Я не жалею о многом. Обидно лишь за то, что не сумели мы с тобой, Данилушка, уберечь единственное. А ведь это лишь один раз в жизни дается. Как сама жизнь. Но была ли она? Если так, то мы ее проглядели. Значит, жалеть не о чем. И я спокойно говорю тебе — прощай…»

Данила не верил. Он думал, что Наташка решила по-злому подшутить над ним. «Наверное, вышла замуж или не хочет вспоминать его», — подумал Шик. И, пересиливая себя, написал письмо Катерине, умоляя ее сообщить о Наташке.

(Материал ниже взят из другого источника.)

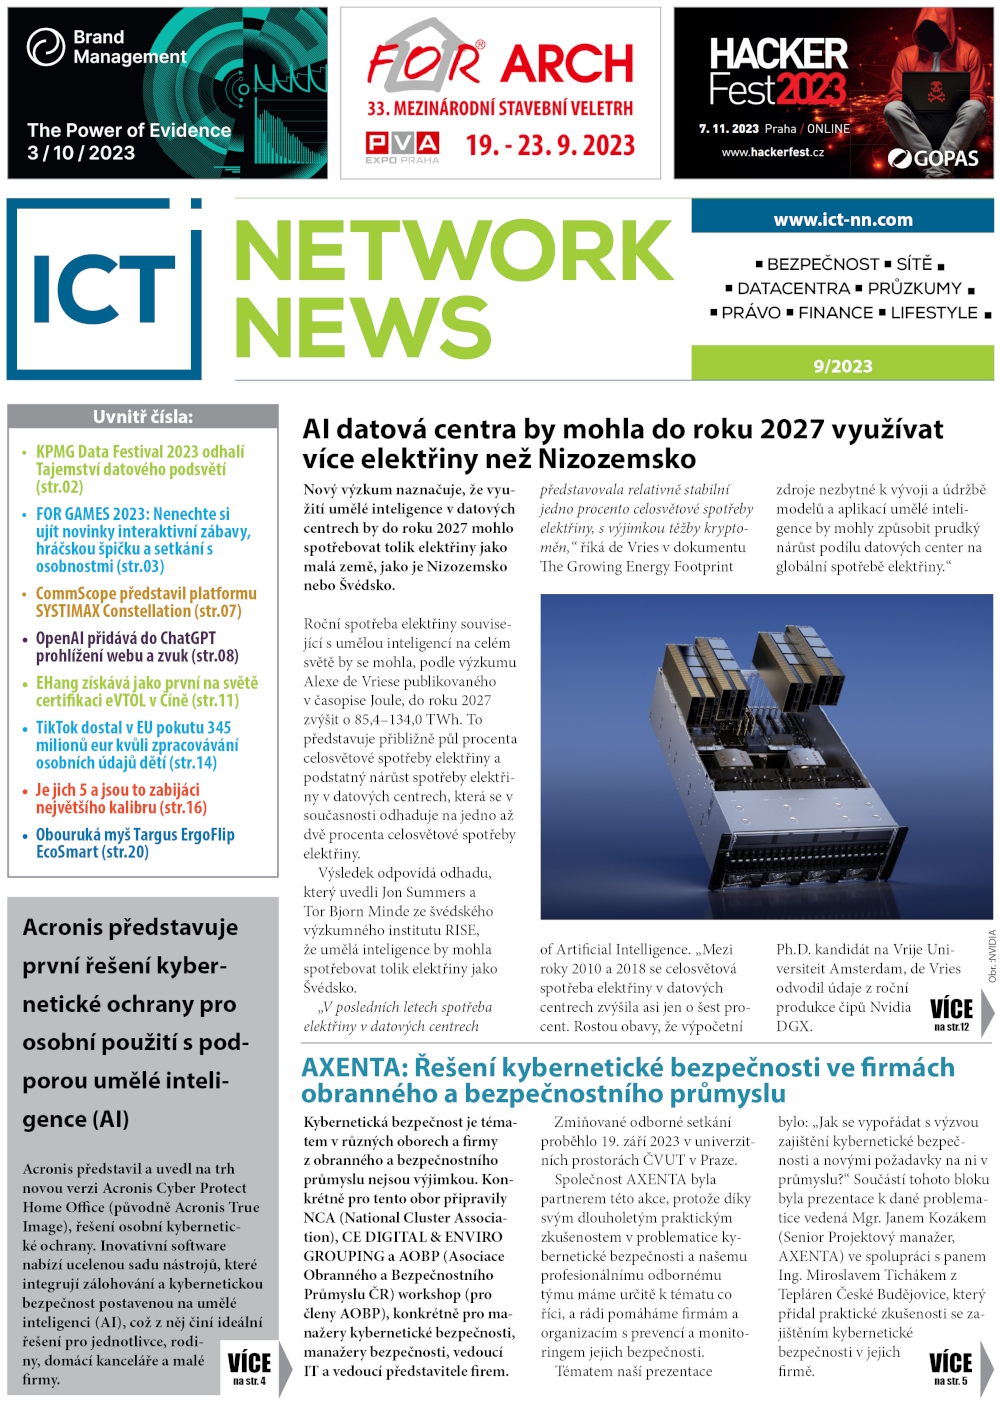 ICT NETWORK NEWS 9-2023 cover

«Будь другом, Катька! Я все прощу тебе. Черкни, как Наташа? Здорова? Счастлива? Ни о чем ее не спрашивай. Не напоминай обо мне. Пусть забудет. Не омрачай ее жизнь. Я буду рад, если у нее все хорошо…»

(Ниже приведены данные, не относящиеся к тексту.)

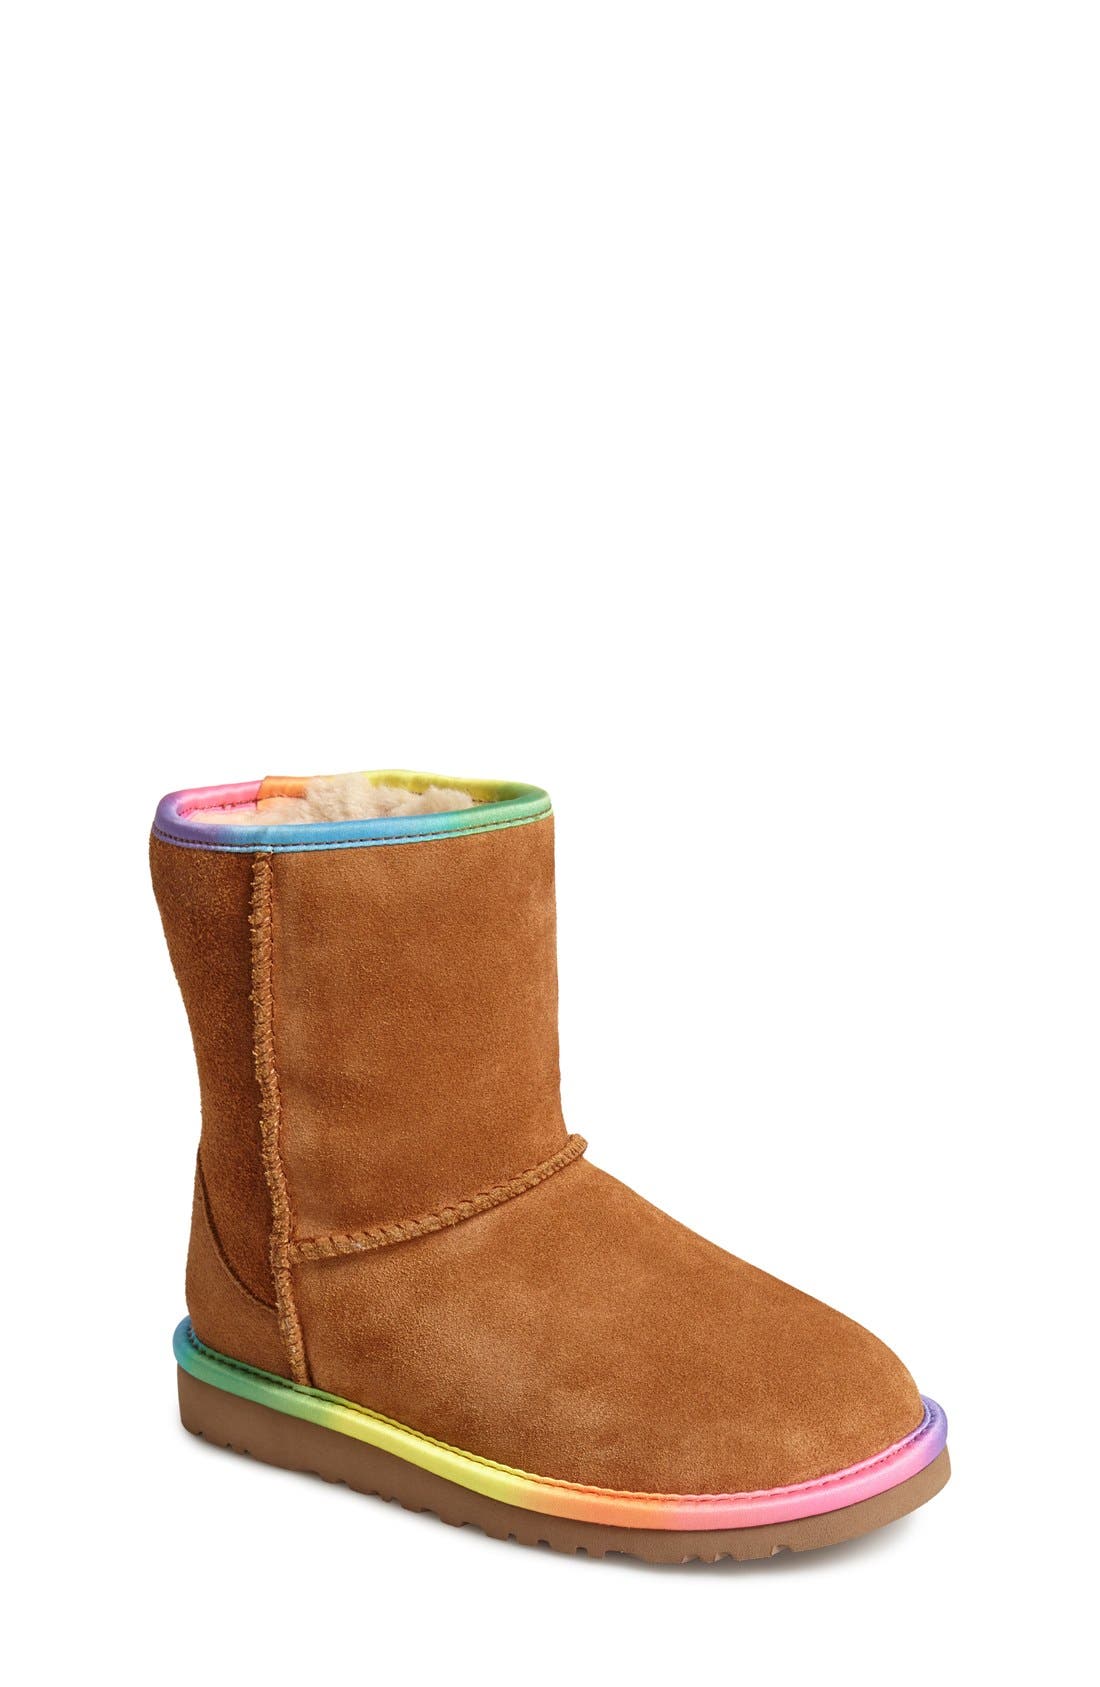 colorful uggs

Ответа от Катьки он так и не дождался. В числе других условников его отправили через полгода в Якутию. Отсюда он и послал письмо-телеграмму в село, всей семье. Сообщил, что воля не за горами. Что он всех помнит. И, если его ждут, пусть черкнут пару слов…

И получил письмо от Анатолия.

«Я верил, что ты строил дом. Думал, сумеешь создать семью. А ты — могильщик. Наташа была при смерти, когда твоя Катерина пришла похвалиться письмом. Показала. Конечно, похвасталась, что ты обещаешь вернуться к ней. А сестра была ошибкой молодости. Жаль, что не было тебя на тот момент рядом. Уж я бы сумел вправить мозги! За всех нас! Наташка умирала от бруцеллеза! Не мог ты подождать? Ты своим письмом убил ее в тот же день. А теперь шлешь телеграммы! Кому? Отец тоже умер. Через месяц. Не пережил. И проклинал тебя перед смертью.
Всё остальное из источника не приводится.